Published April 8, 2015 at 10:00 a.m.


(Raise Giant Frogs Records, CD, digital download)

Once upon a time in Burlington, there was a band called Envy. This was during the alt-rock era of the mid to late 1990s, a generation of local music widely and nostalgically regarded as a high-water mark in local rock. Led by vocalist/guitarist Matt Hutton and guitarist Sean Toohey, Envy were Queen City rock royalty, ruling with fuzzy guitar-scepters alongside the Pants, Guppyboy, Chin Ho!, the Fags and Wide Wail, among others.

Envy were also among the more ambitious local bands of that generation. Hutton and Toohey moved to Boston in late 1996 and reformed/rebranded as the Red Telephone, shedding some of Envy's grit for a more polished and commercially viable sound. They scored a deal with Warner Bros. and appeared headed toward stardom, only to get lost in the major-label crucible. RT parted ways with Warner following their 1998 self-titled debut. They released two more records, the last, Cellar Songs, coming in 2001. Though they never technically broke up, the Red Telephone have mostly been on hold. Until now.
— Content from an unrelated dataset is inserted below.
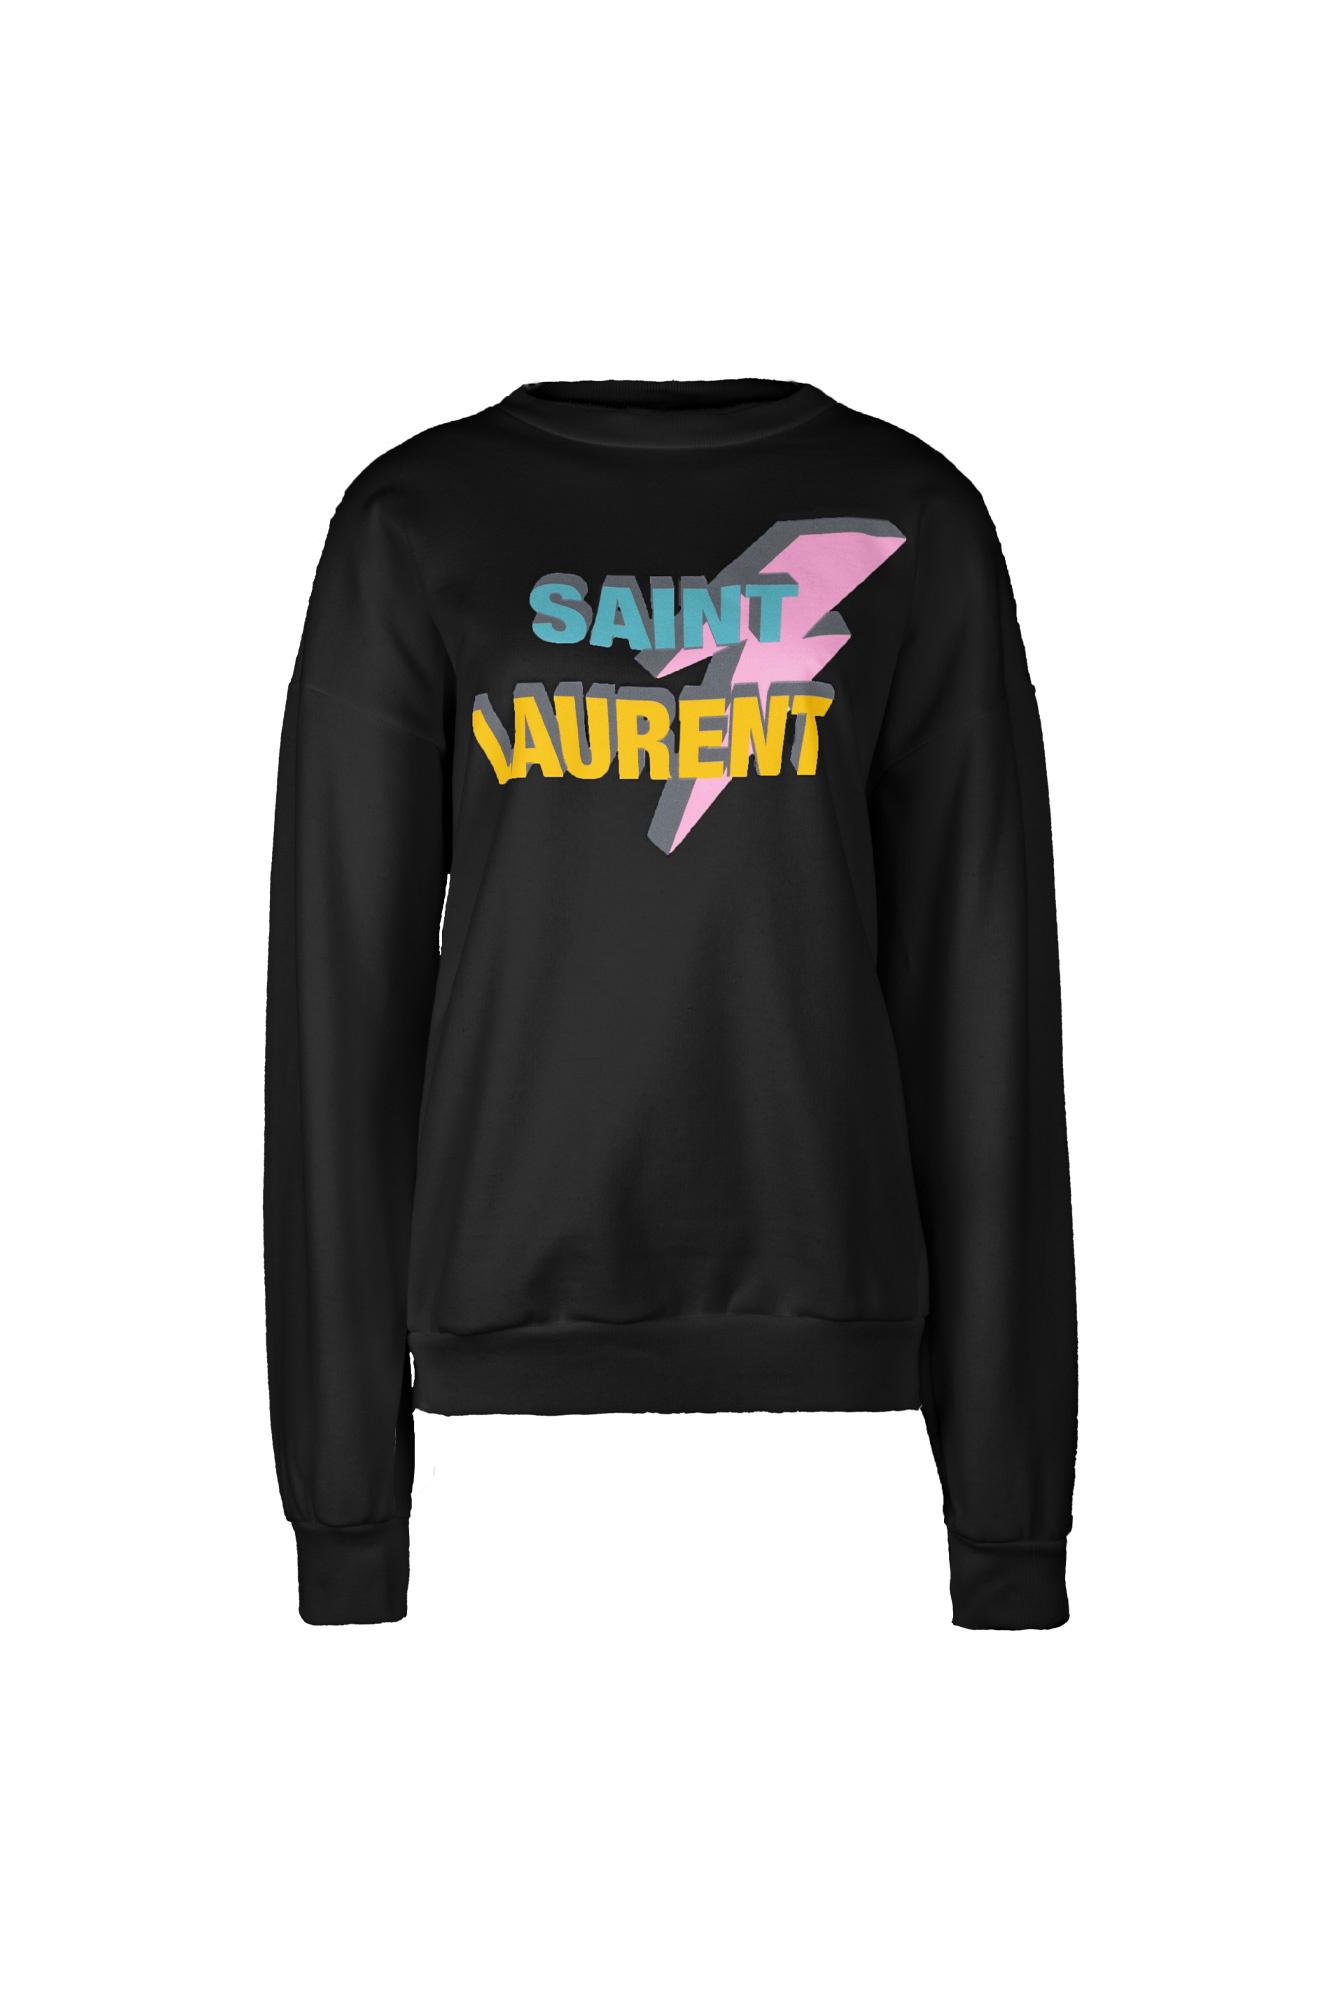 Saint sweater black

On the recently released Places You Return, Hutton, Toohey (now based in Shelburne) and original RT members Pat McDonald and Mark Britton do indeed return to a place where buzzy power chords, intertwining guitar riffs and shaggy earnestness are alive and well. The Red Telephone's first album in 14 years is an unabashed throwback to a bygone era. And it's delightful.

Darkness has always loomed behind Hutton's sticky hooks, in part because of his vocal rasp. That's softened some over the years. But it's apparent in subtler ways, too. Following the sunny jangle of opener "Come Outside" and the Cheap Trick-esque title track, we get a glimpse of Hutton's moodiness on "Under the Northern Sky" and "Peculiar Spring," tracks that cut the shimmery guitar haze with simmering tension. Continuing the seasonal theme, "Brink of Summer" is a meandering, melancholy ballad colored by misty, shoegaze guitar.

The woozy "Gold in California" would seem to ruminate on the band's brief major-label stint. Ditto "City of Fools," though it's far more upbeat. The album's last third is highlighted by the REM-styled, mid-tempo standout "Snowbound" and the expansive "Days," two cuts that tweak alt-rock convention just enough to be both accessible and provocative. That was and is one of the Red Telephone's great strengths.

In hindsight, the Red Telephone existed in a sort of alt-rock limbo in their heyday. They weren't quite as catchy as, say, the Goo Goo Dolls — with whom they toured a bit — or as gloomy as the Afghan Whigs. They weren't quite as offbeat as the Lemonheads, and never had the arty cachet of bands like Pavement. It's no wonder Warner Bros. never really knew what to do with them. But the qualities that major labels found puzzling are what made the band great. And those qualities remain blessedly intact on Places You Return. Welcome back.